━━ The data

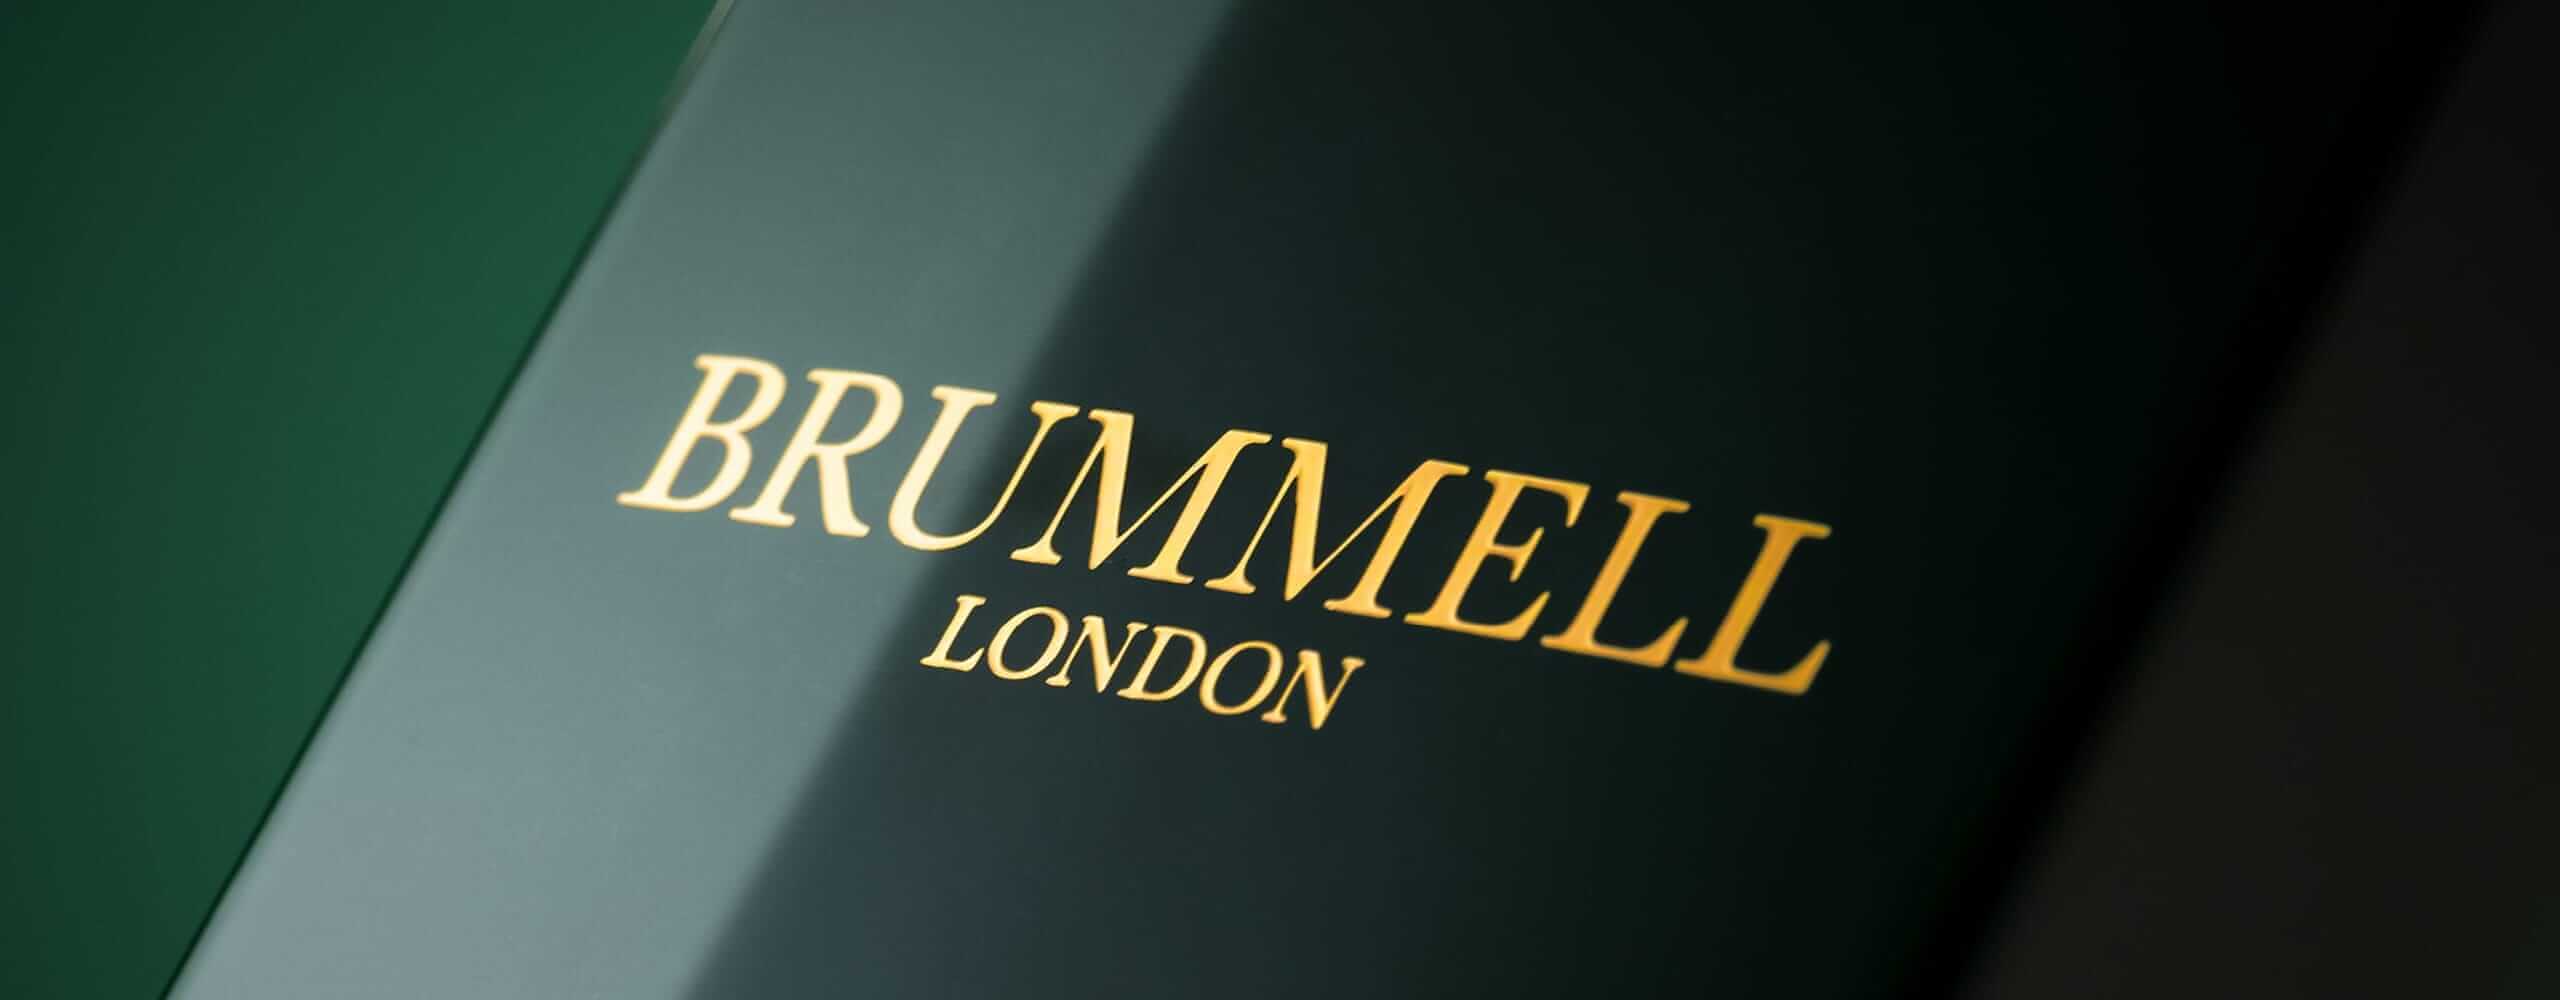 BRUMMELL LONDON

━━━━
━━ The data

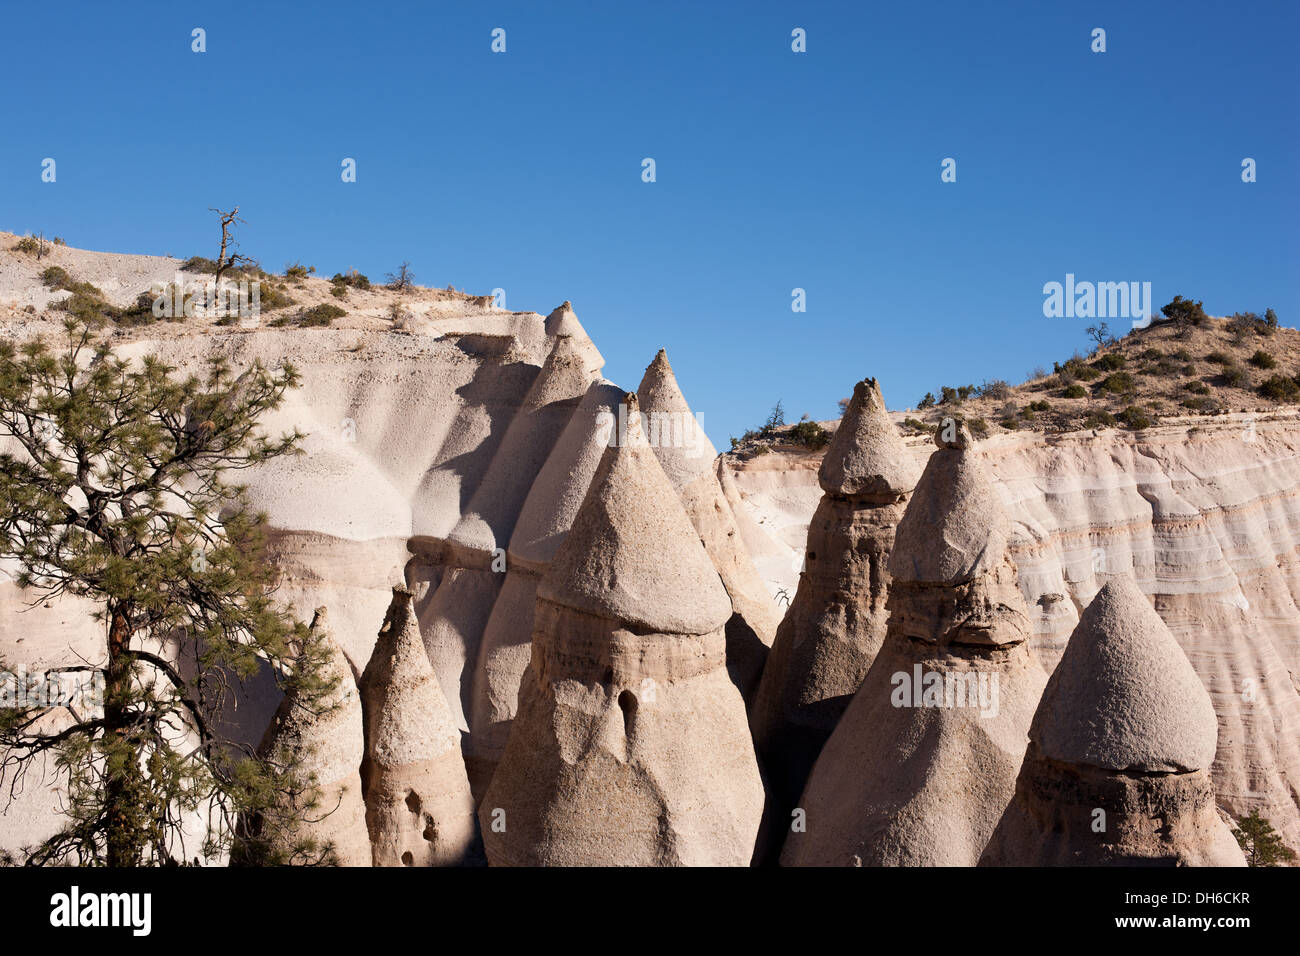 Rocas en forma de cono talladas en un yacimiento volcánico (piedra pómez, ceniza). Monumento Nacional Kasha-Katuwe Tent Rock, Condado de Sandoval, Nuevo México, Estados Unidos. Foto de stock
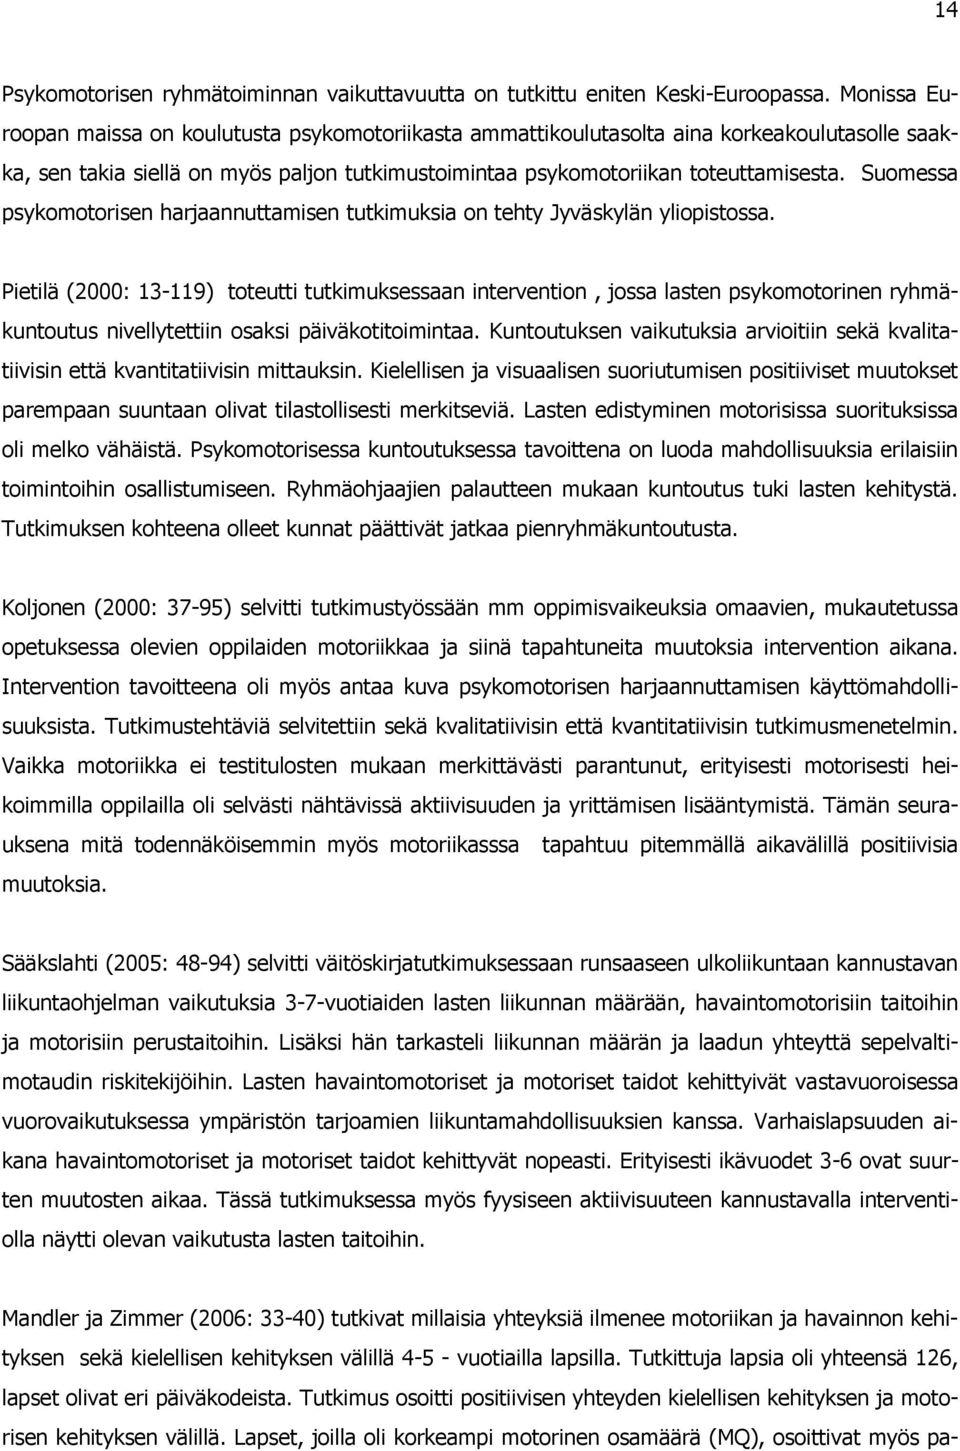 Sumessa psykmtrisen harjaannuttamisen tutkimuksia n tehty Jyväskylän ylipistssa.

━━━━

* **Problem to work on**
In the listing above, find the line containing "Rocas en forma" and the line containing "Sumessa psykmtrisen harjaannuttamisen", then return both of them and every line between, exactly, without pictures.

* **Answer space**
 Rocas en forma de cono talladas en un yacimiento volcánico (piedra pómez, ceniza). Monumento Nacional Kasha-Katuwe Tent Rock, Condado de Sandoval, Nuevo México, Estados Unidos. Foto de stock
 Sumessa psykmtrisen harjaannuttamisen tutkimuksia n tehty Jyväskylän ylipistssa.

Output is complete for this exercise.